Furthermore, Plaintiff has not established that Defendant accepted the correctness of the statement, or that he made either an express or implied promise to pay the balance allegedly due. Instead, there is ample proof in the Record on Appeal that Defendant disputed the entire amount demanded, and indeed denied that he held any account with Chase Bank that could have been transferred to Plaintiff. The evidence in the Record on Appeal is not sufficient to establish an account stated between Chase Bank and Defendant.

Plaintiff also argues that Defendant acknowledged the correctness of the balance allegedly owed and made an implied promise to pay that amount by failing to object to the statement within the 60 days provided. This argument fails on multiple fronts. First, there is insufficient proof that Defendant ever received the statement. The only thing proven in this record is that the statement was sent to an address where "RMD Associates" receives mail, but no proof links that entity to Defendant. Second, no other statements or other evidence appears in the Record on Appeal that could support the inference that Chase Bank and Defendant had an open, ongoing account. While Plaintiff cites a case for the proposition that a promise to pay may be implied by the party-to-be-charged's failure to object on the terms of the parties' agreement, that case involved an undisputed debtor-creditor relationship. See Paine, Webber, Jackson and Curtis, Inc. v. Stanley, 60 N.C. App. 511, 515, 299 S.E.2d 292, 295 (1983). Accordingly, this assignment of error is overruled.

II.

In its next assignment of error, Plaintiff contends that Defendant's pleadings failed to raise the statute of limitations defense, which should not be a basis for upholding the grant of summary judgment to Defendant.

We note that Defendant did not assert the statute of limitations at summary judgment or on appeal and the trial court's order does not mention the statute of limitations as a basis for granting summary judgment to Defendant. Furthermore, we need not decide whether Plaintiff filed its complaint within the statute of limitations because we have already concluded that the evidence is insufficient to show an account stated. Accordingly, this assignment of error is overruled.

III.

In its final assignment of error, Plaintiff contends that Defendant's responses to its Requests for Admissions were insufficient, and thus should be deemed admitted. Plaintiff asserts this argument for the first time on appeal.
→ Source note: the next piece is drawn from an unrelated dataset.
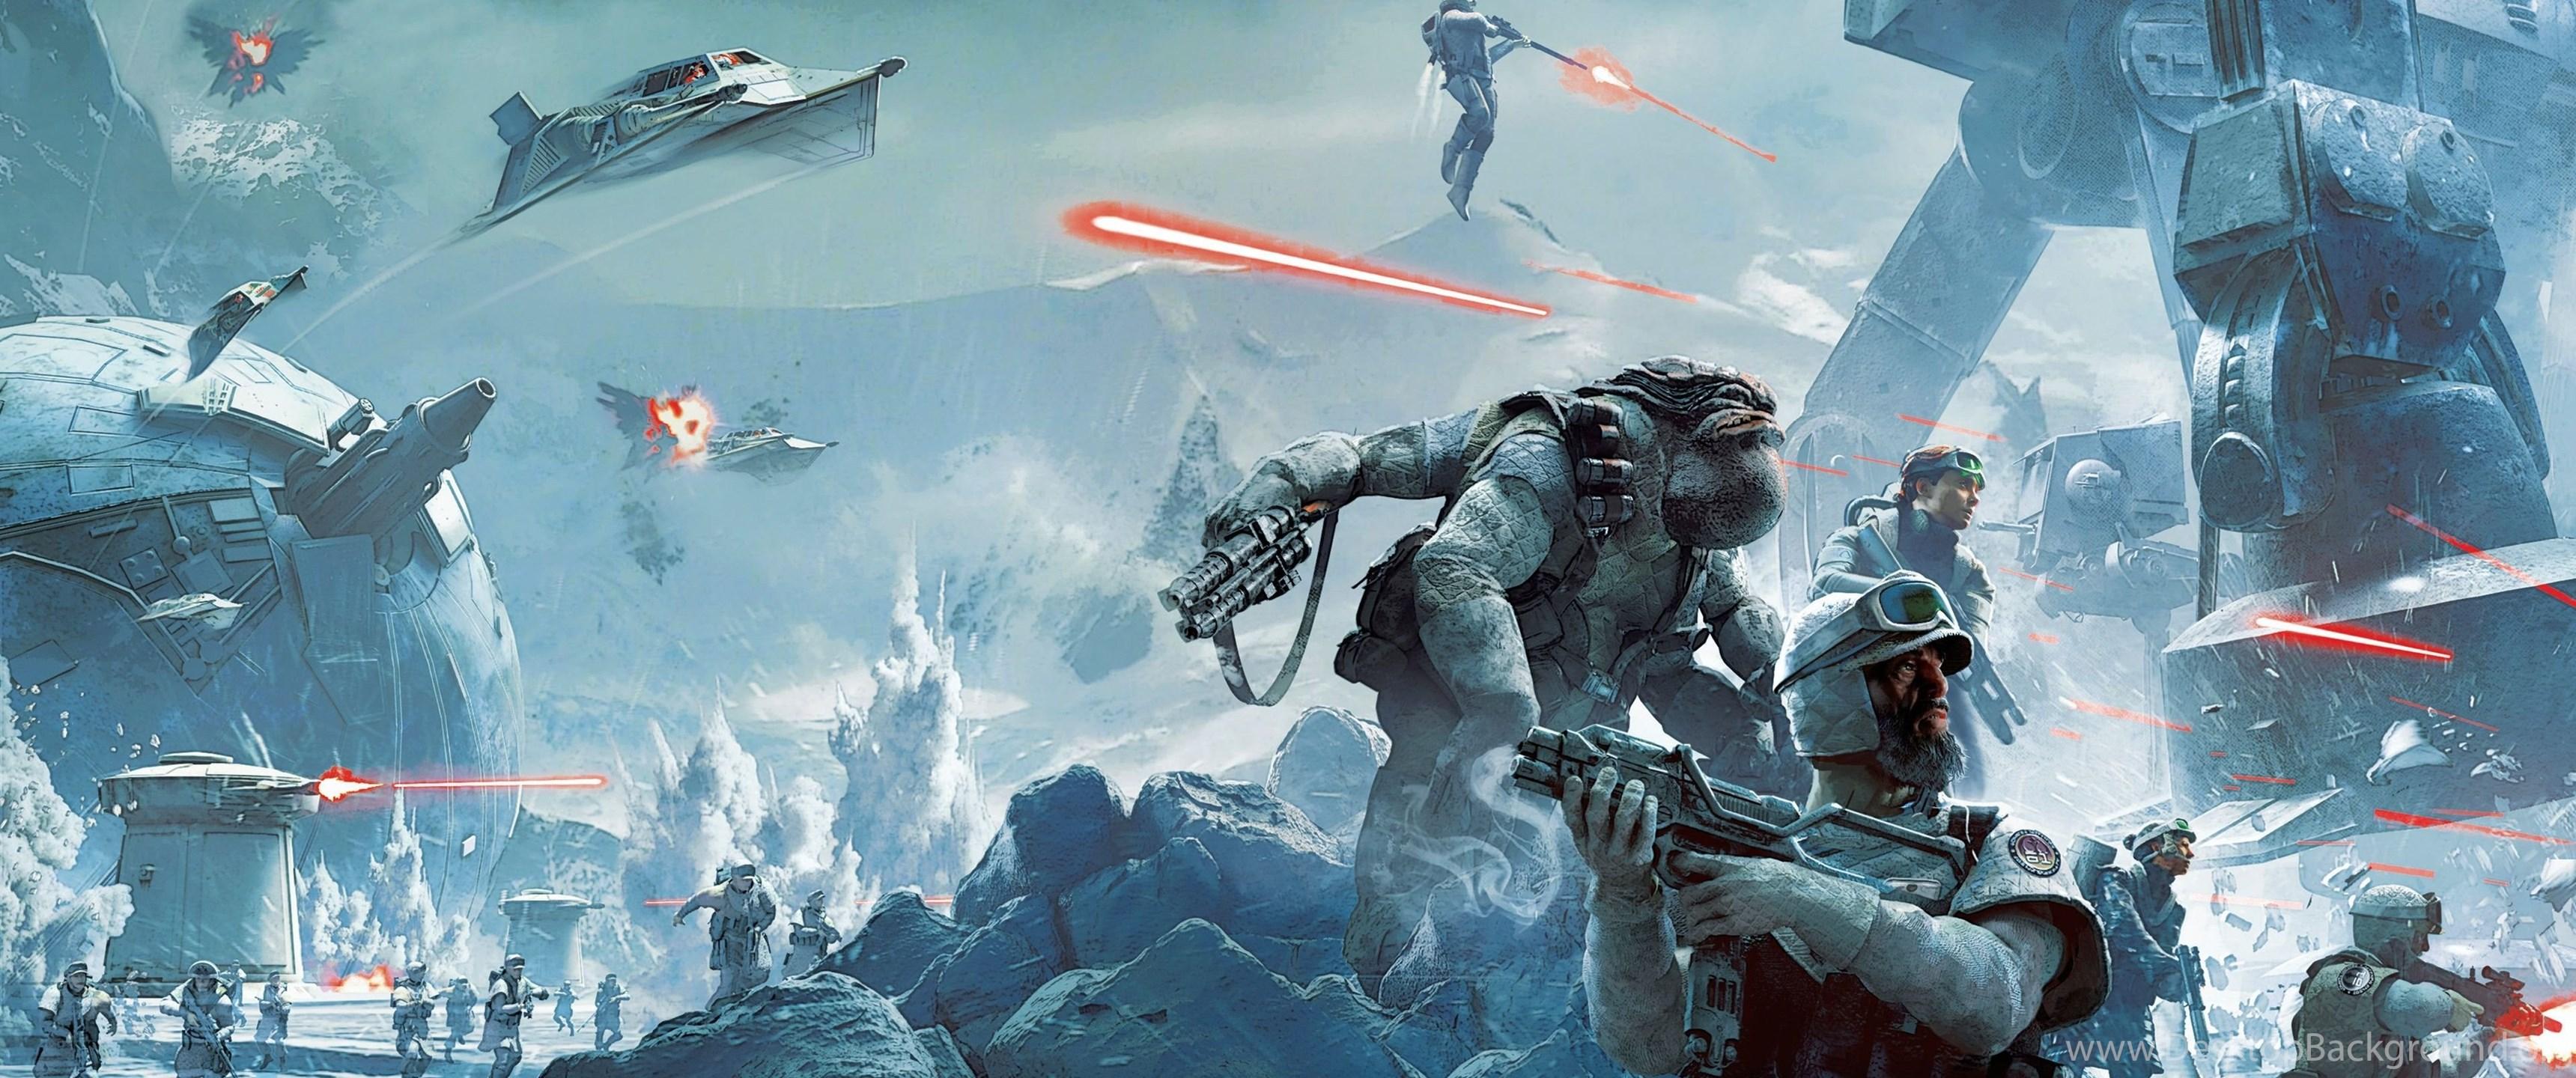 Daisy Ridley Rey Star Wars The Force Awakens Movie Desktop Wallpapers Desktop Background
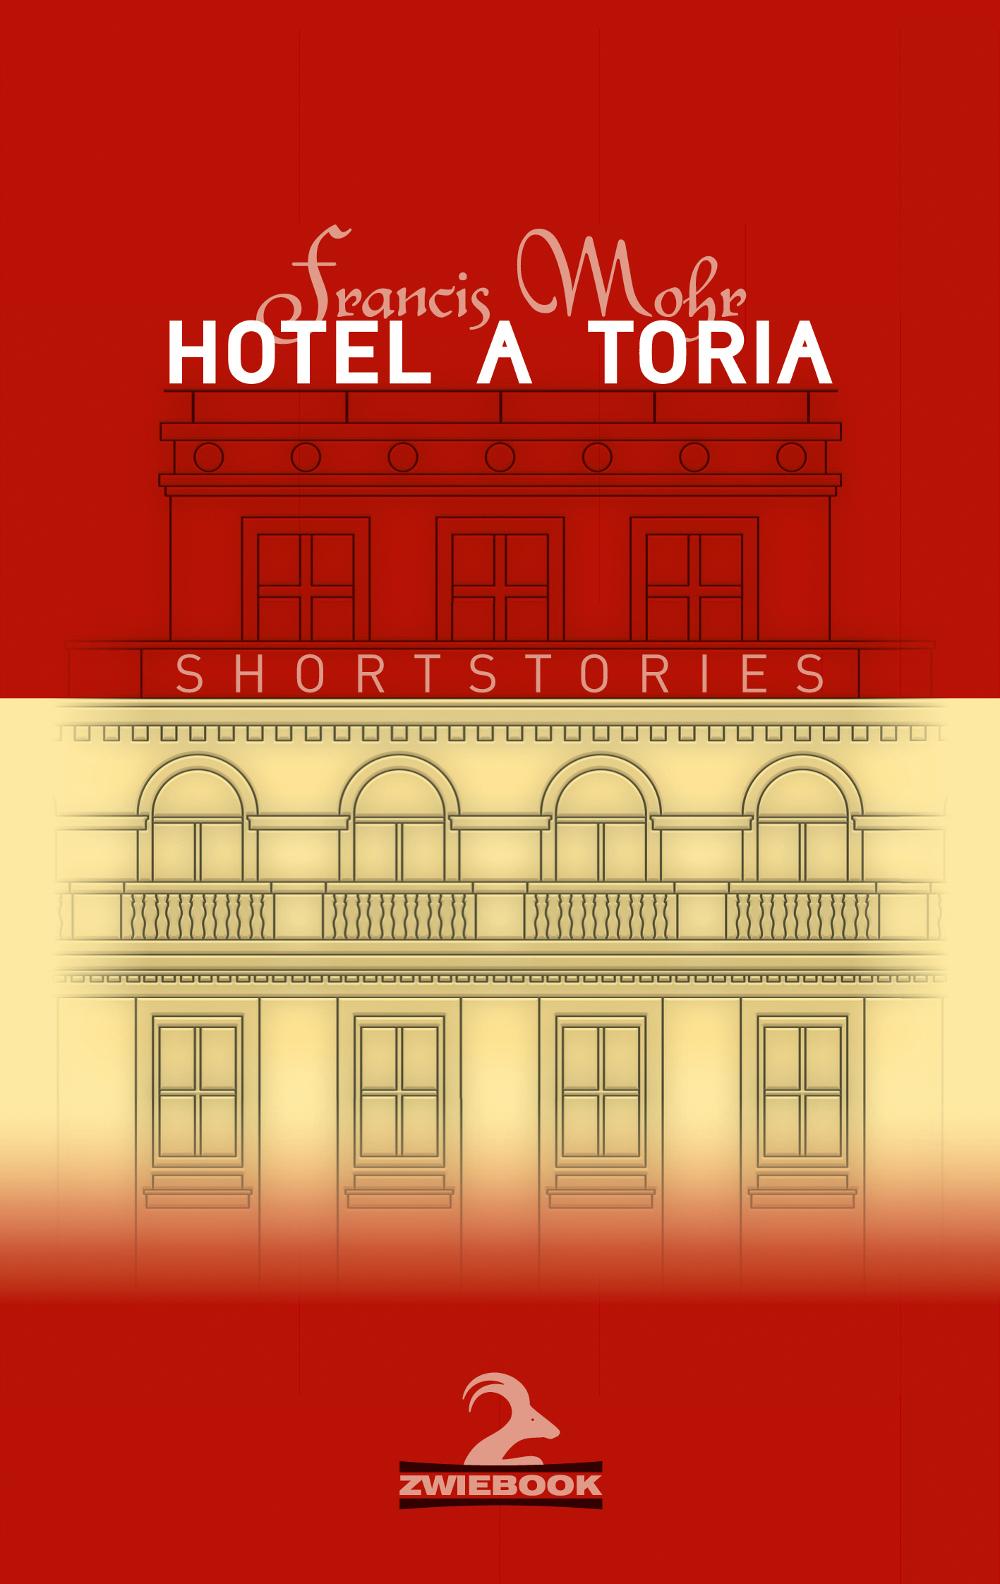 Mohr Francis Hotel A Toria

A party claiming insufficient answers to requests for admissions, and seeking to have those requests deemed admitted, must first move the trial court to determine the sufficiency of the responses and obtain a ruling. S. Nat'l Bank of N.C. v. B & E Constr., Inc., 46 N.C. App. 736, 738-40, 266 S.E.2d 1, 2-3 (1980). No motion to compel or other request for the trial court to compel more complete answers appears in the Record on Appeal. Because there is no evidence of either a request or a ruling in this case, this question is not properly before this Court.

Affirmed.

Judges STROUD and BEASLEY concur.

Report per Rule 30 (e).

NOTES

[1] Carroll v. McNeill Indus., Inc., 296 N.C. 205, 209, 250 S.E.2d 60, 62 (1978).

[2] During discovery, Defendant denied that he personally received mail at the post office box address noted on the statement, but he admitted that "RMD Associates" received mail at that post office box. However, there is no affirmative proof in the Record on Appeal connecting Defendant to "RMD Associates."